Wave 3: Isolation via External Hardware
Chip-based exploits are on the rise, yet smartphone makers cannot deliver isolation any lower in the stack. Consequently, external mobile processing is the logical next wave for organizations looking to truly isolate their most valuable information.
Imagine a tiny mobile computer packed in a familiar form factor, like a smartphone case or watch. Using this device, you can do things like authenticate to your organization’s online services, securely communicate with approved peers and, for enterprise use cases such as Assured Identity, optionally transmit sensor data back to a central server for processing. Most importantly, because the device operates independently of your smartphone and does not run third party code (using code signing and other advanced techniques), malware does not have an entry point for attack. This is the future of smartphone security isolation.

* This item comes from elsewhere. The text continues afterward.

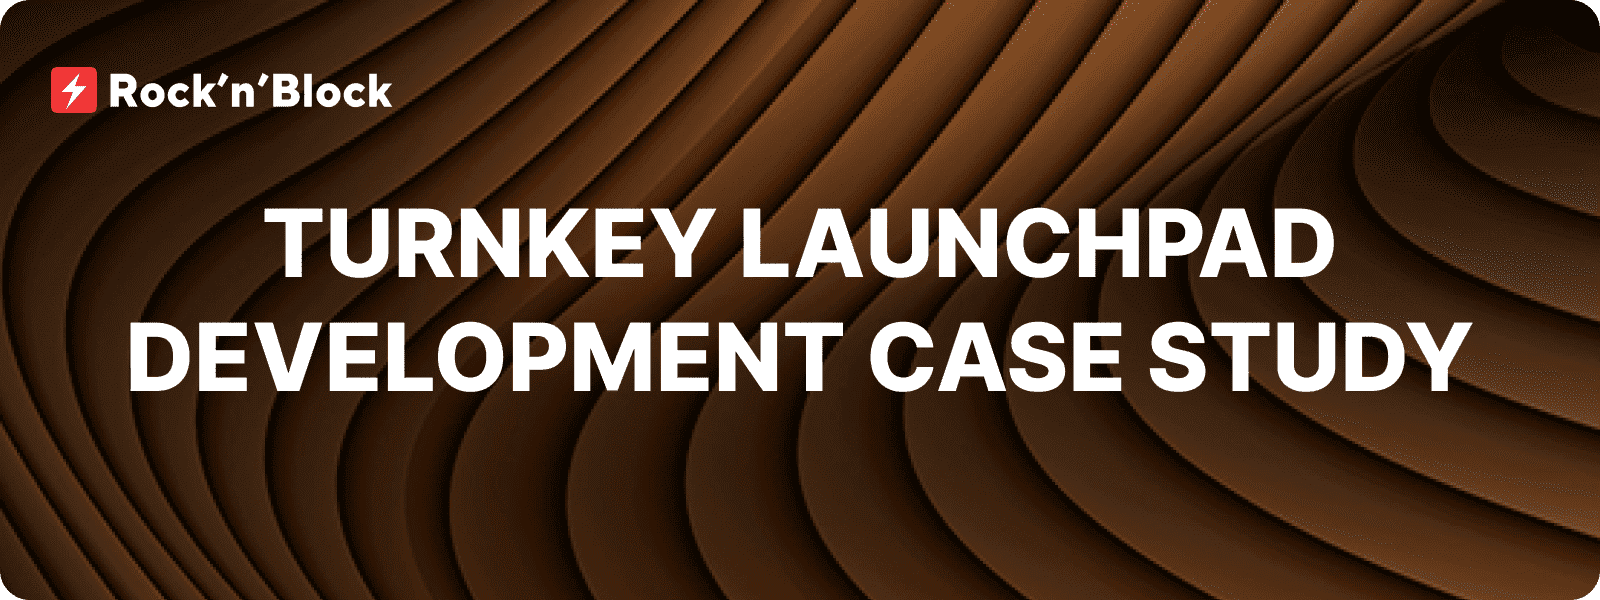 Turnkey Launchpad Development Case Study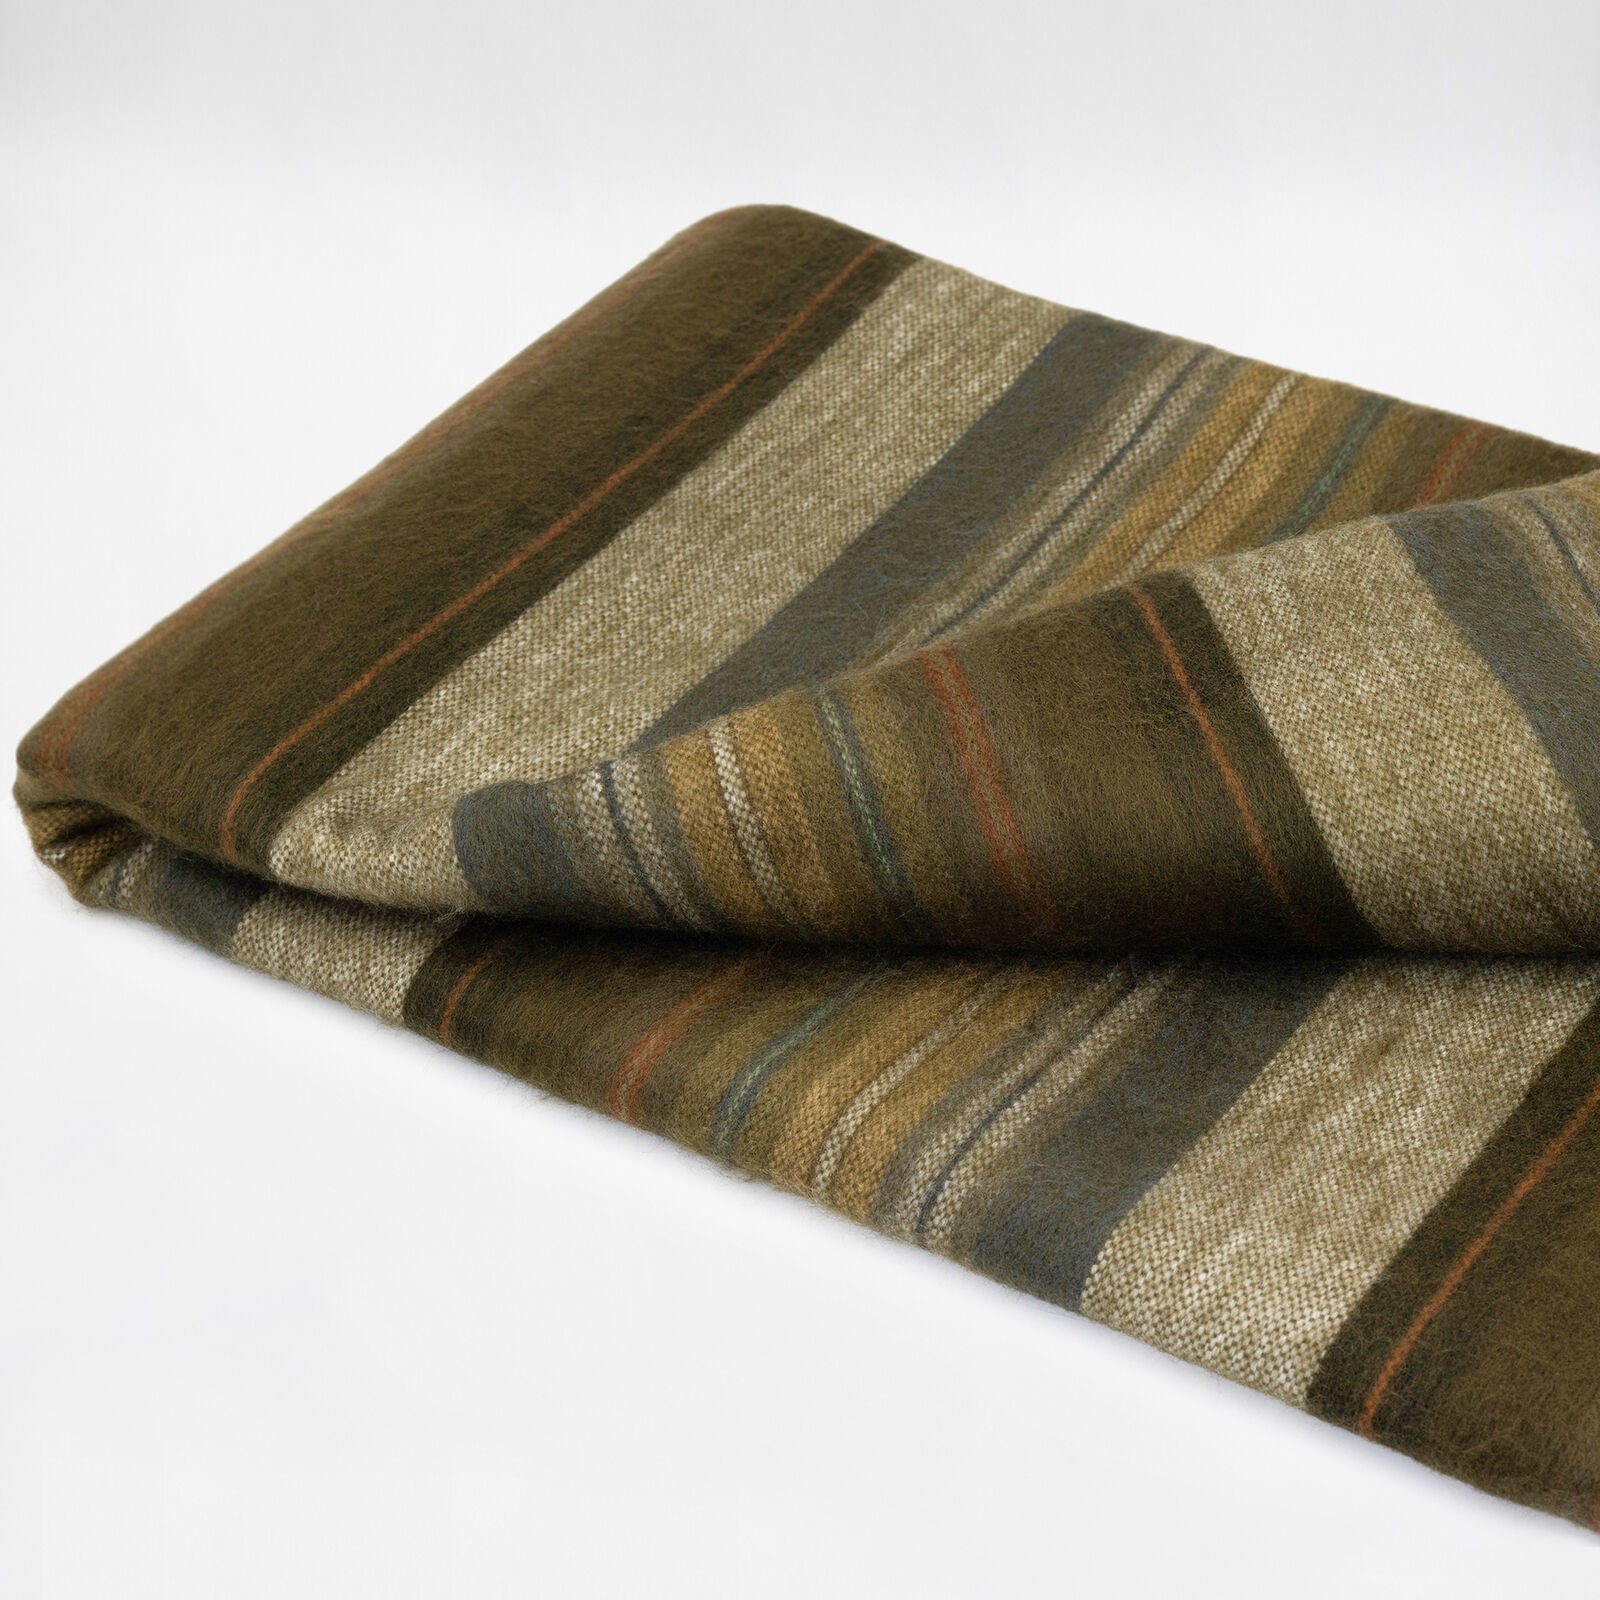 Atocha - Baby Alpaca Wool Throw Blanket / Sofa Cover - Queen 90" x 63" - coffee mix thin stripes pattern

While this product category of high-security, independent-processing devices is not yet mainstream, it will be defined by a few hallmarks going forward:
Convenient form factor. Users will be able to conveniently carry, charge and interact with the device. For familiarity, a smartphone case, watch or key fob make sense as form factors. Considerations must be made for housing the electronic components, maintaining battery life, gathering user input (via touchscreen or buttons) and adding LEDs or other elements for notifying users. Wired or wireless communication to the smartphone, which is treated as untrusted in the threat model, can enable unique and compelling functionality.
Trusted, secure, closed processing environment. The processor will be designed to only run specific firmware, and strict authentication practices will ensure that only validated and trusted firmware runs on the device. A hardware root of trust (HRoT)— based on a unique hardware ID and private key, both generated and stored in silicon, that become associated with a digital certificate during a secure provisioning process—will serve as the basis for firmware authentication during all boot, runtime and update processes.
High-security architecture. A closed/controlled public key infrastructure (PKI) with a known trust issuer will be used to ensure that secure, end-to-end encrypted communication to and from the device only occurs with its integrated cloud infrastructure (for reporting, policy management and firmware updates) and other trusted entities.
Extensibility. In addition to core processing and communications, additional components—such as GPS modules, sensors, audio equipment, etc.— should be available and easily added to the device, depending on the required applications. For example, built-in behavioral and biometric sensors can be leveraged for continuous multi-factor authentication (CMFA) solutions.
The path of external hardware isolation will unlock the door to exciting opportunities for enterprises and government agencies looking to take back control over their most important information. Now is the time to break free from the mobile vulnerable ecosystem and give critical services the security they deserve.